Thu Jul 27 04:30 PM -- 06:00 PM (PDT) @ Exhibit Hall 1 #109

Learning visual representations with interpretable features, i.e., disentangled representations, remains a challenging problem. Existing methods demonstrate some success but are hard to apply to large-scale vision datasets like ImageNet. In this work, we propose a simple post-processing framework to disentangle content and style in learned representations from pre-trained vision models. We model the pre-trained features probabilistically as linearly entangled combinations of the latent content and style factors and develop a simple disentanglement algorithm based on the probabilistic model. We show that the method provably disentangles content and style features and verify its efficacy empirically. Our post-processed features yield significant domain generalization performance improvements when the distribution shift occurs due to style changes or style-related spurious correlations.

Author Information

Lilian Ngweta (Rensselaer Polytechnic Institute (RPI))
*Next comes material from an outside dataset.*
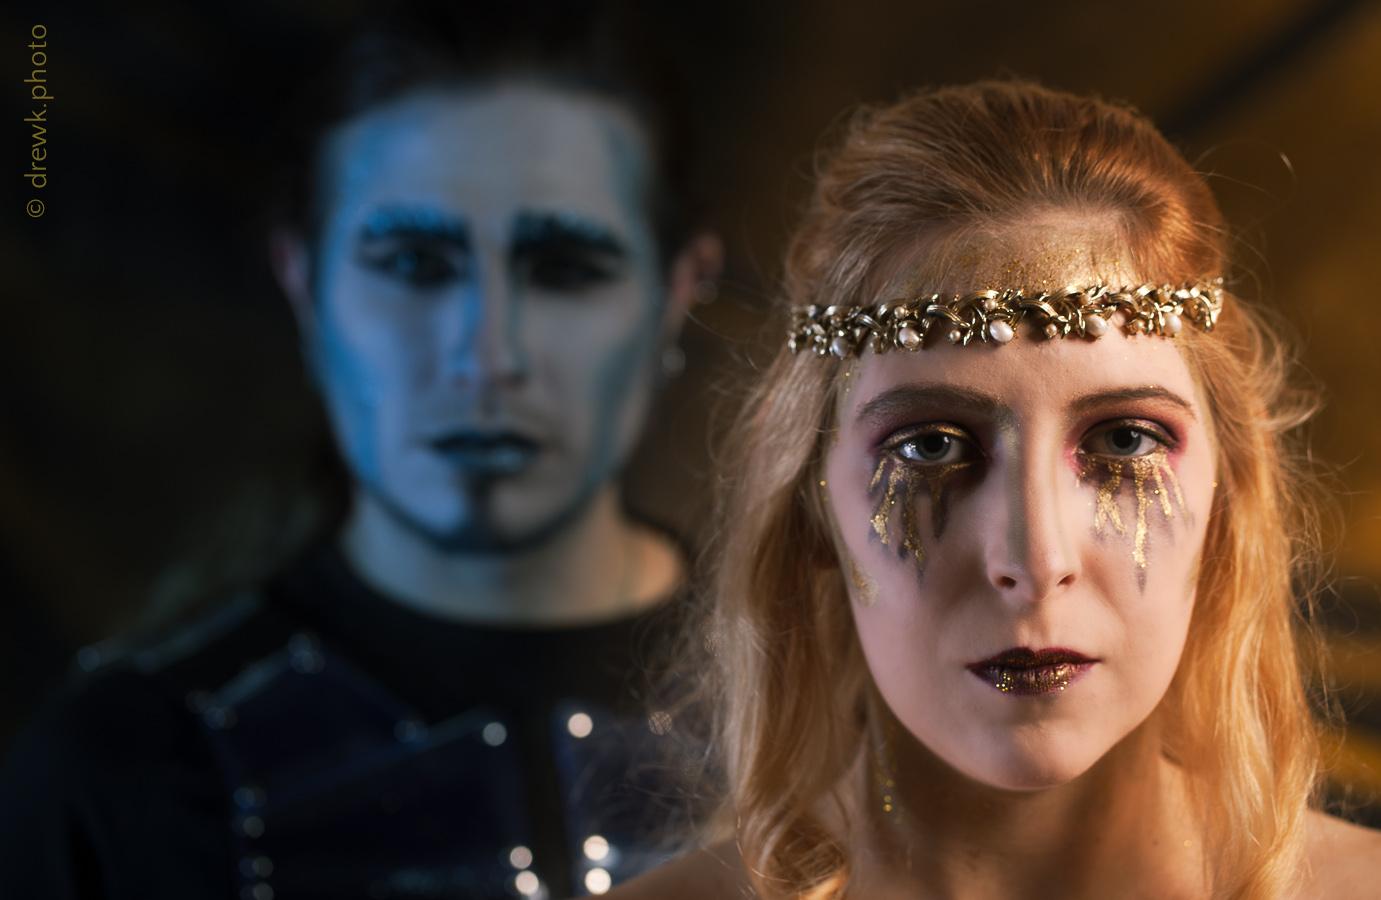 Hades and Persephone Models : Nenedhel & Count Chronos Morté<br/> Hair & Makeup Artist : Tamaris Orton

I am a computer science PhD student at Rensselaer Polytechnic Institute (RPI) in Troy, New York. My research interests are in the areas of out-of-distribution (OOD) generalization in machine learning and the applications of Machine Learning/AI methods to solve real world problems. Before joining RPI, I worked as a research intern at Microsoft Research in Redmond, Washington in Summer 2018, where I implemented a robust and scalable video processing engine that performed real-time image classification and labeling using a state-of-the-art deep neural network, and measured its performance. I received my Bachelor of Science in Software Engineering from Barrett, The Honors College at Arizona State University. Outside of work and school, I like to hike, dance and listen to music. I also like to travel and to interact with people from different cultures!
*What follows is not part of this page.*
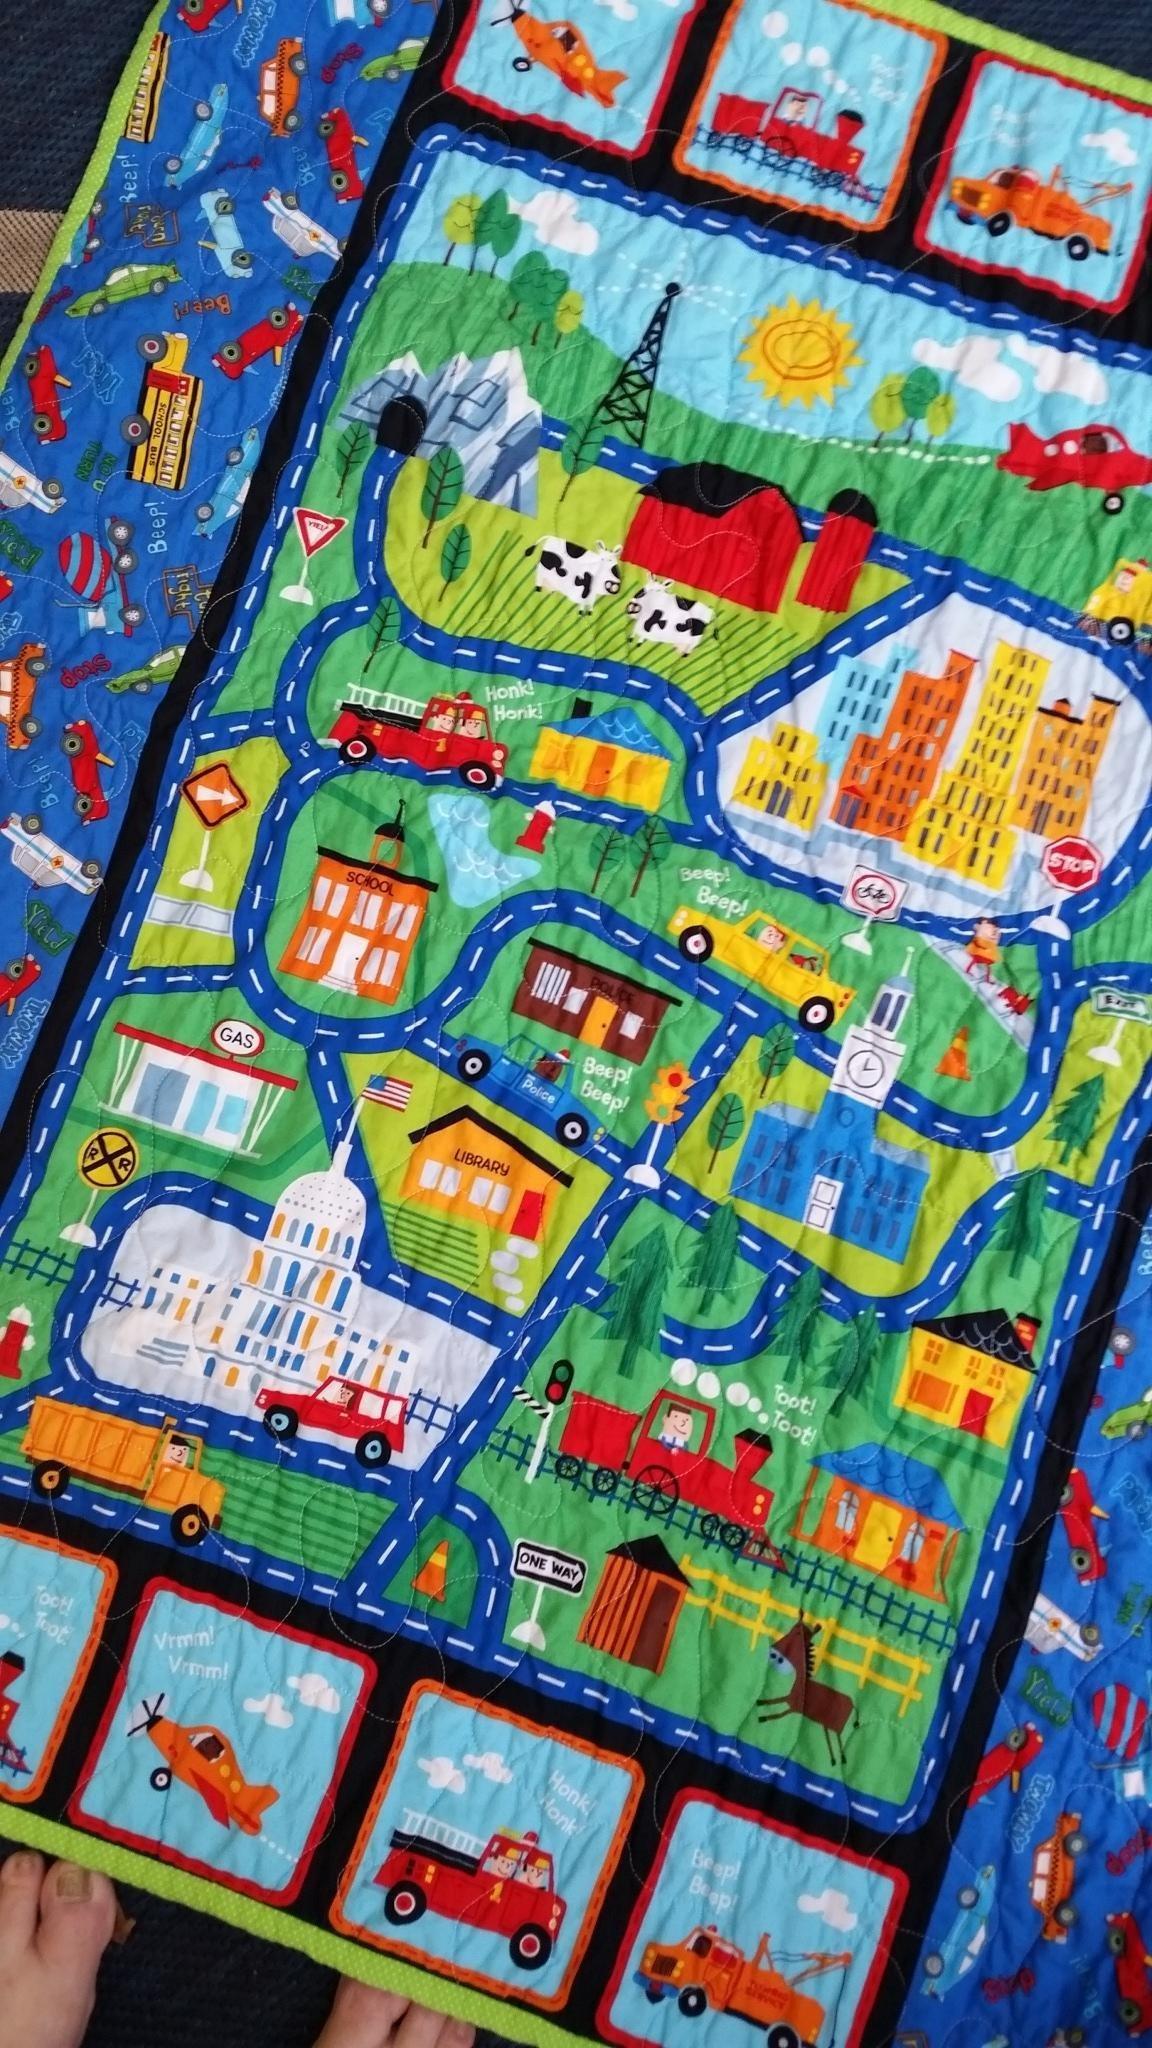 Cars and Trucks Quilt, Trucks and Cars Playmat, Trucks Crib Quilt, Vehicle Nursery, Vehicle Crib, Transportation Crib, Boy Crib Bedding, Airplane, Train, Vehicles, Car Toddler Birthday Present

Subha Maity (University of Michigan, Ann Arbor)
Alex Gittens (Rensselaer Polytechnic Institute)

Alex Gittens's research focuses on using randomization to reduce the computational costs of extracting information from large datasets. His work lies at the intersection of randomized algorithms, numerical linear algebra, high-dimensional probability, and machine learning.

Yuekai Sun (University of Michigan)
Mikhail Yurochkin (IBM Research, MIT-IBM Watson AI Lab)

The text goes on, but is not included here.